Fingerprint Dedup: The Killer Feature

If you've ever used Sentry, you already know why this matters. Without dedup:

Your server crashes 30 times in a loop. Your Observability tab has 30 rows. You have to scroll past 29 of them to find anything else.

With dedup:

Your server crashes 30 times. You see one row, with ×30 next to it, and "last seen 2 seconds ago." You know instantly this is a recurring problem, not a one-off.

Each event has a fingerprint — a stable hash of kind + category + resource + normalized-error-signature. Timestamps, memory addresses, UUIDs, IPs, and line numbers are stripped before hashing, so two errors that say:

ERROR at 2026-04-19T10:22:03Z: NullPointer at 0x7ffee4001234
ERROR at 2026-04-19T10:22:07Z: NullPointer at 0x7ffee5990abc

land on the same row instead of two different ones.

Auto-Reopen on Recurrence

Resolved an event last week? If it fires again, Swelis reopens it — so you know the fix didn't stick. No more "oh, I thought we fixed that" discoveries three months later.

An outage event with occurrence count, severity tag, and resolve button

Threshold Alerts: Before Things Actually Break

The old way: your server runs out of RAM, gets OOM-killed by the kernel, players get disconnected, you find out tomorrow.

The new way: at 85% memory, a warning event appears. At 95%, it escalates to "error." At 100%, it becomes "critical" — and if your service also hit the storage cap, Swelis will preemptively stop it to prevent data corruption.

All three thresholds use hysteresis — you won't get spammed if usage bounces around 84% and 86%.

Cross-Service, Cross-Type

Observability works for every service type:

Minecraft (Paper, Vanilla, Forge, Fabric, BungeeCord)
Avorion, Rust, Terraria, Arma 3, and any future game server
WordPress and Joomla websites
Managed PostgreSQL, MongoDB, and MySQL databases

One Observability tab per project, showing events across everything you host. Click a service tag on any event to drill straight into that service.

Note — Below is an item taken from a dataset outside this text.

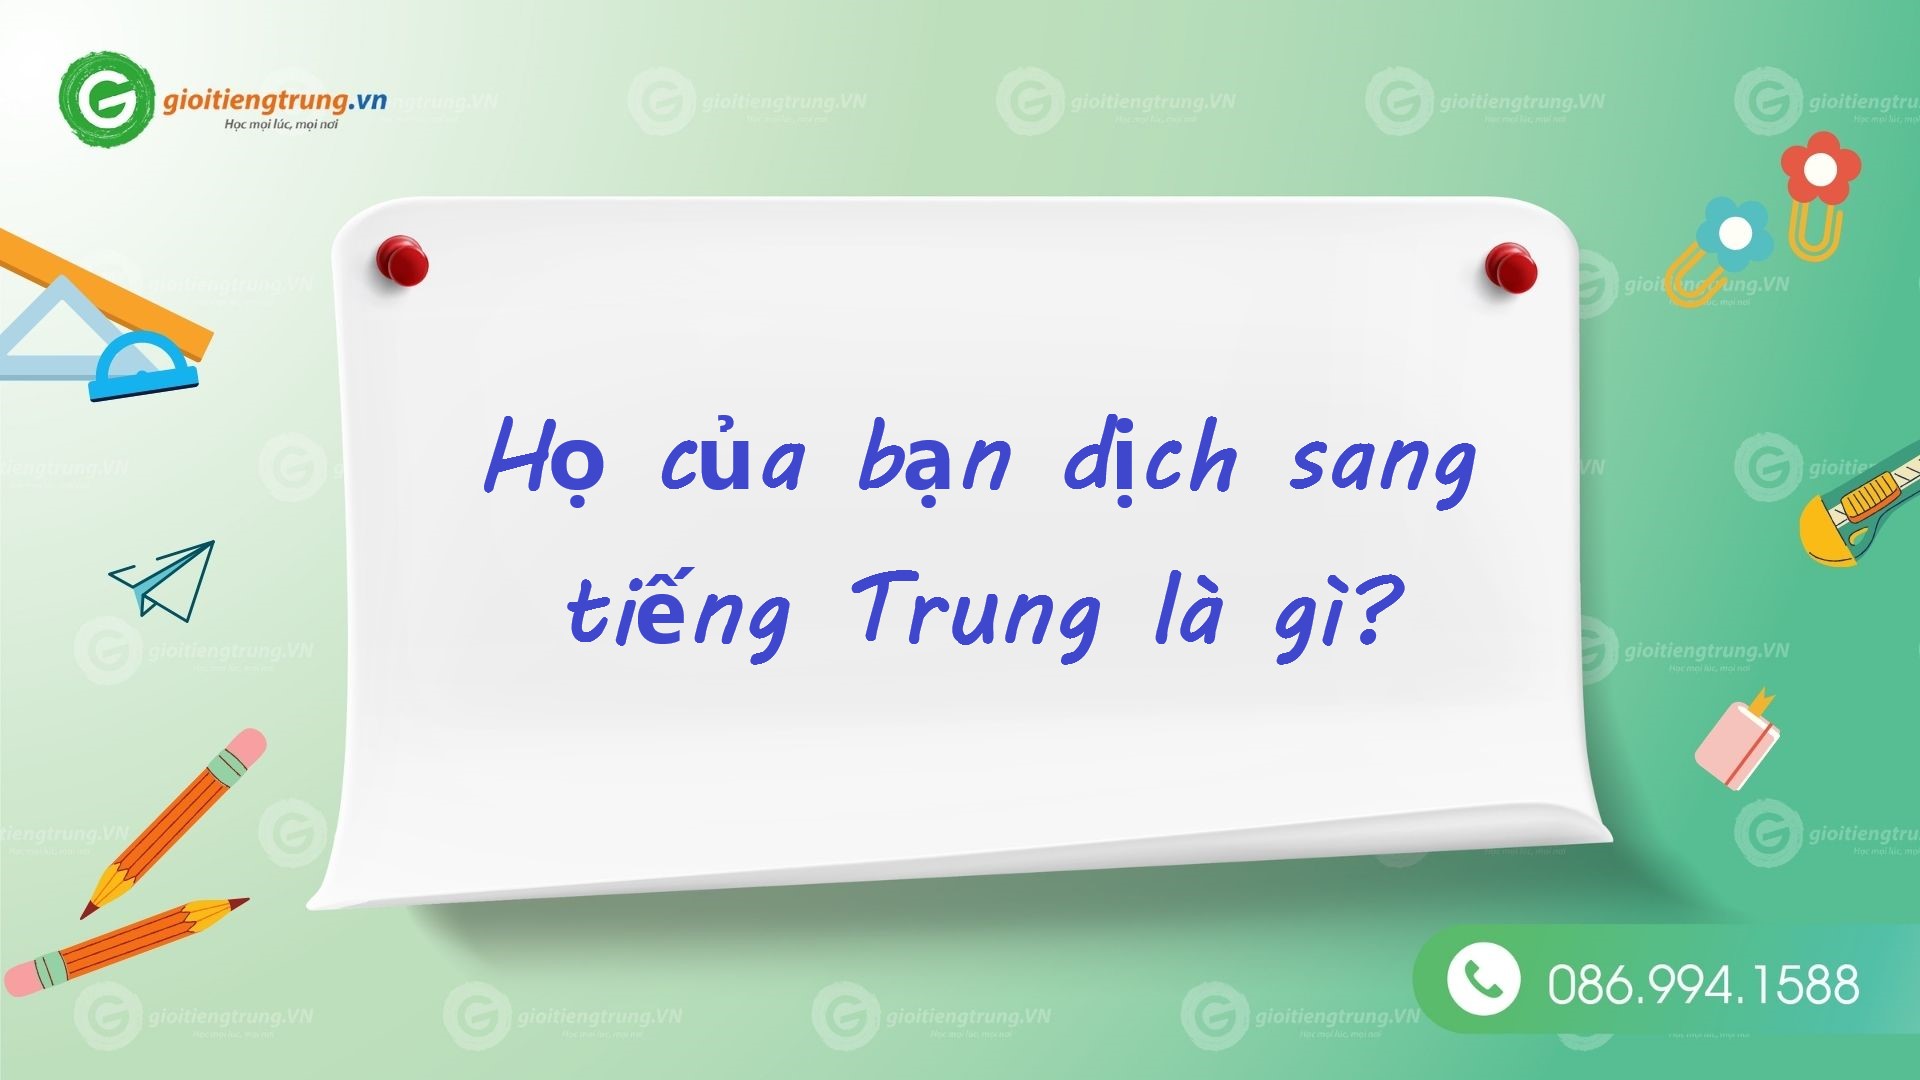 Dịch họ tên tiếng Việt sang tiếng Trung

One project, multiple service types — all outages and errors in one view

How It All Works

Behind the scenes:

Agent scanning — The Swelis agent watches your server's stdout in real time and classifies any line that looks like an error or warning.
Threshold monitoring — CPU, RAM, and disk usage are sampled continuously. Every bucket crossing is reported.
Deployment lifecycle hooks — Every start, stop, restart, and kill flows through a tracked deployment row.
Crash detection heuristic — If your server stops and no one asked it to (no pending deployment exists), it's logged as a crash automatically.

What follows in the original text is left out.